Eva-Maria Hagen (/de/; 19 October 1934 – 16 August 2022) was a German actress and singer. She was known as the "Brigitte Bardot of the GDR" but was banned from performance for political reasons.

==Life==
Hagen was born Eva-Maria Buchholz in Költschen (present-day Poland) on 19 October 1934, the daughter of farm workers from East Brandenburg. In 1945, Költschen was occupied by the Soviet army and the family was expelled. They moved to Perleberg, which became part of the GDR in 1949.

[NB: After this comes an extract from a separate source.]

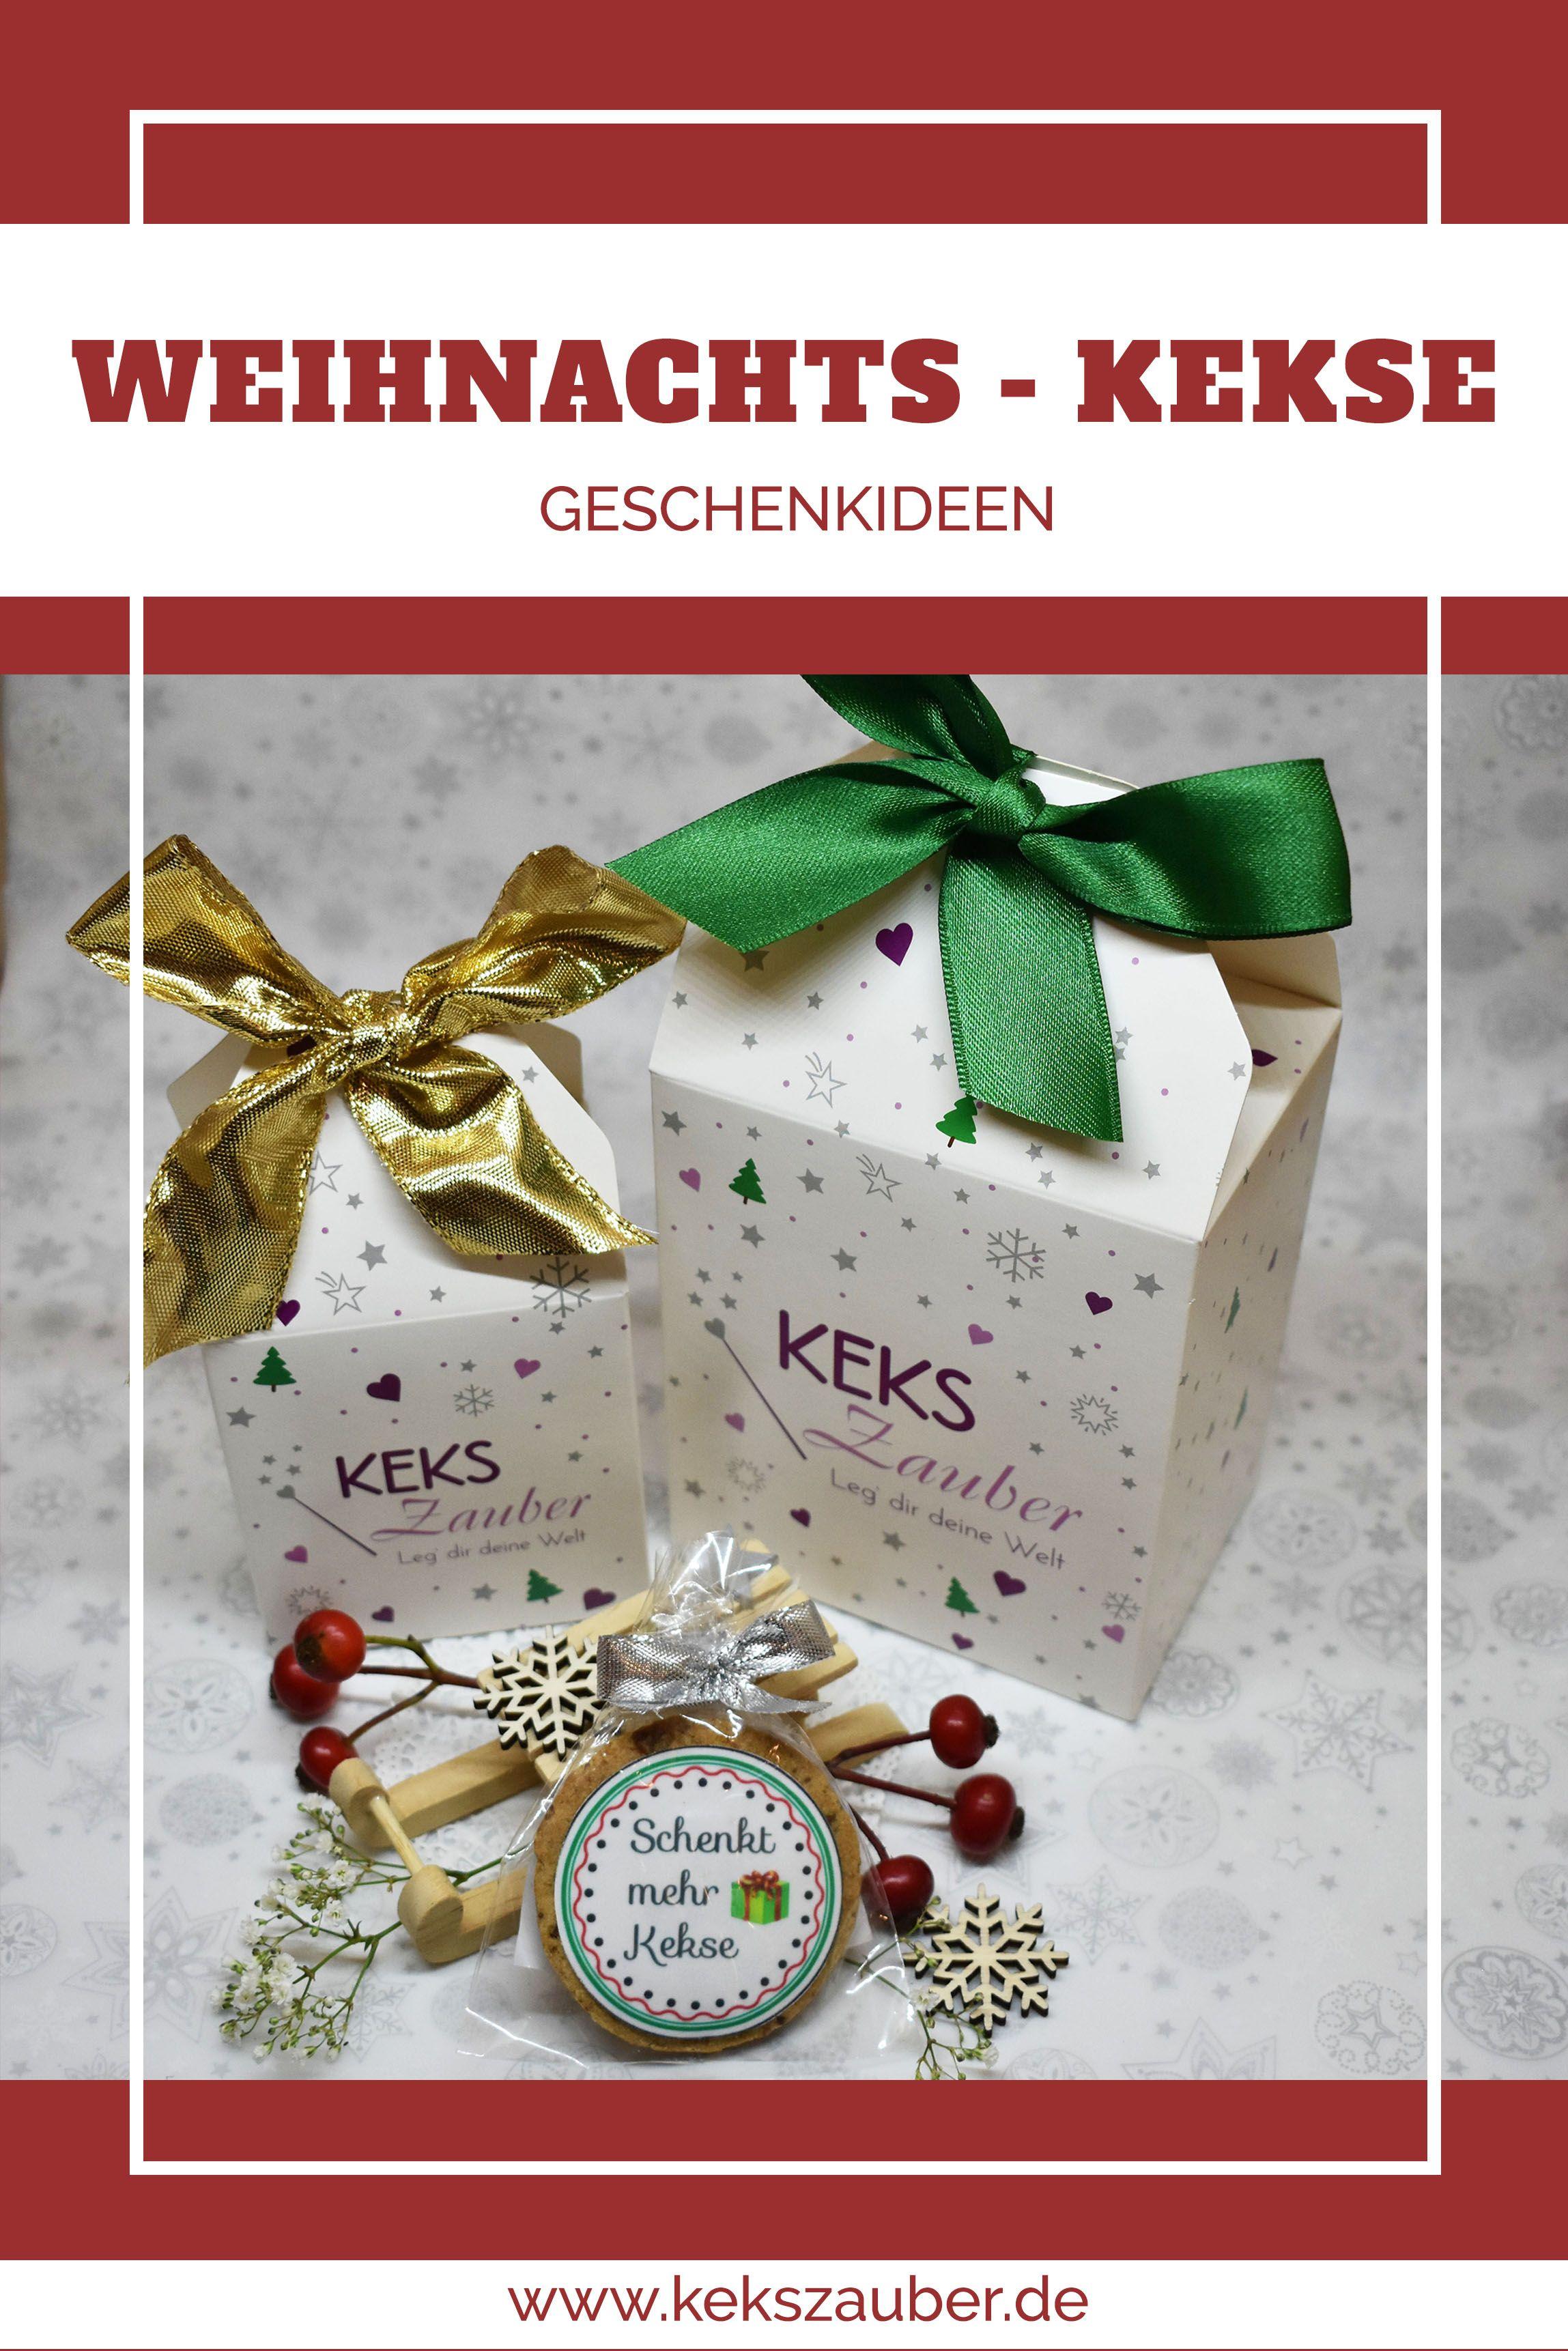 Weihnachtsgeschenke Keine Idee.Schenkt Mehr Kekse Dem Stimmen Wir Gerne Zu Ihr Habt Noch Keine

In 1952, after completing an apprenticeship as a machinist, she was trained at the Ernst Busch Academy of Dramatic Arts in Berlin. She joined the Berliner Ensemble in 1953. Hagen made her theater debut in 1953 in Erwin Strittmatter's play Katzgraben directed by Bertolt Brecht at the Berliner Ensemble.

In 1957, she made her film debut in Kurt Maetzig's comedy Don't Forget My Little Traudel. Her film career led to her being called the "Brigitte Bardot of the GDR". From 1958, she acted at the Maxim Gorki Theater in Berlin. At the Landestheater Dessau, she had continued success as the flower girl Eliza in the musical My Fair Lady.

In 1965, she met Wolf Biermann. Despite becoming a successful film actress she was sidelined because of her relationship with Biermann. He was a singer-songwriter whose politics kept him unemployed. In 1972, Biermann and Hagen separated. In 1976, she publicly protested against Biermann's expatriation. She was dismissed without notice from the German television broadcaster Deutscher Fernsehfunk (DFF) in the GDR and banned from working. In 1977, Hagen's citizenship in the GDR was revoked, and she moved to West Germany the same year.

She built up a second career as a chanson singer in addition to film and theater. After the fall of the Berlin Wall, Hagen made films in Babelsberg again, appeared on stage as Medea or Mother Courage or sang Brecht songs. She painted in oil and went on reading tours with her own books.

== Personal ==
In 1954 she married Hans Oliva-Hagen and they had a child named Catharina, singer and actress Nina Hagen. She divorced him in 1959 over psychological issues.

Hagen lived in Hamburg, Berlin and the Uckermark. She is the grandmother of Cosma Shiva Hagen.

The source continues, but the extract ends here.